Рембо сын (Мишон) - страница 15


Все эти книги о Рембо можно считать одной-единственной, настолько они одинаковы и взаимозаменяемы, даже когда между ними возникают вздорные, шутовские дискуссии, вроде средневекового спора о filioque[7], — ибо все эти книги написаны рукой Жиля. Сегодняшний Жиль располагает гораздо большим объемом информации, чем Банвиль, ведь за сто лет появилось немало новых материалов; как было справедливо сказано, о жизни Рембо он знает больше самого Рембо; по сравнению с Банвилем он более современен, ему присуща наша современная решимость; конечно, он наивен, но наивен по-современному; он тоже в каком-то смысле пребывает в саду, — а как же иначе, если Ватто поместил его туда, — итак, стало быть, он находится в Люксембургском саду, как Банвиль, как Малларме, как Бретон, с белоснежной шевелюрой под сенью листвы, или как молодой Клодель в момент, когда он распахивает калитку, чтобы спуститься по бульвару Сен-Мишель и затвориться в Соборе, который так хорошо защищает от ветра.
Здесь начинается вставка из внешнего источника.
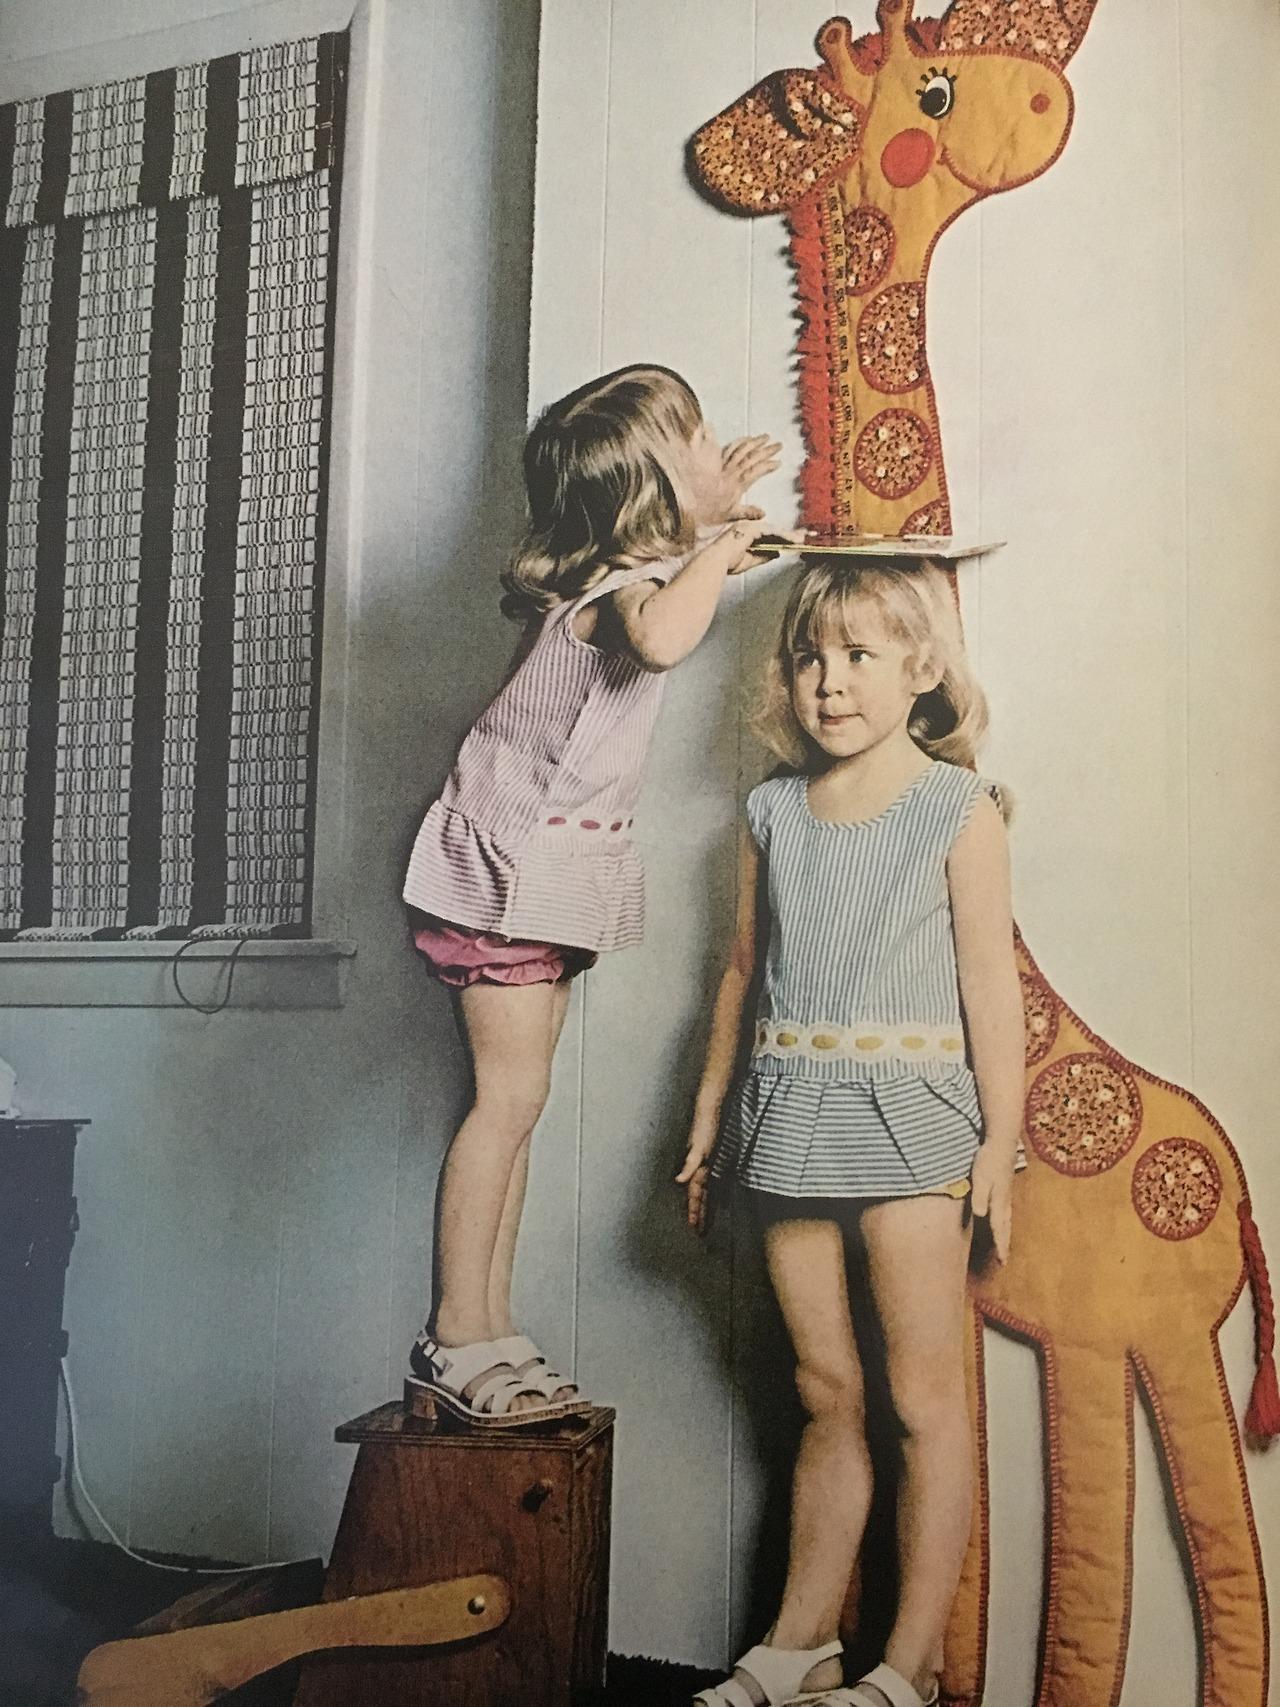 Giraffe growth chart.  Better Homes and Gardens. July 1974.

Жиль стоит у самой ограды, а за его спиной, вокруг статуй королев, смеются и играют дети, но он этого не слышит, сегодня чудесная погода, колышутся итальянские сосны, гуляют девушки, но он далеко отсюда, он смотрит в пустоту, где перед ним проходят творчество и жизнь другого человека. Он называет это явление «Артюр Рембо». Он его придумывает: это волшебное зрелище — отнюдь не отражение его самого. Он глядит на сияющую картину и видит в ней знаки свыше, ему обещают что-то заманчивое, то ли воскрешение плоти, то ли золотую реку Времени, смотря по обстоятельствам; он созерцает комету; созерцает небытие и спасение, бунт и любовь, презренную плоть и священную букву, которые набрасываются друг на друга, сплетаются, танцуют, сникают, оживают вновь, плывут мимо и вдруг рассыпаются в прах. В ясный полдень он закрылся в затемненной комнате своего мозга и без конца, снова и снова прокручивает эту пленку; этот танец; это падение; и испытывает такое же изумление, как в первый раз, вот он стоит, беспомощно уронив руки, развернув носками наружу неуклюжие, точно у Калибана, ступни. Смейтесь над ним, если хотите: но лишь очень дерзкий и, возможно, самый глупый из Жилей осмелится первым бросить в него камень.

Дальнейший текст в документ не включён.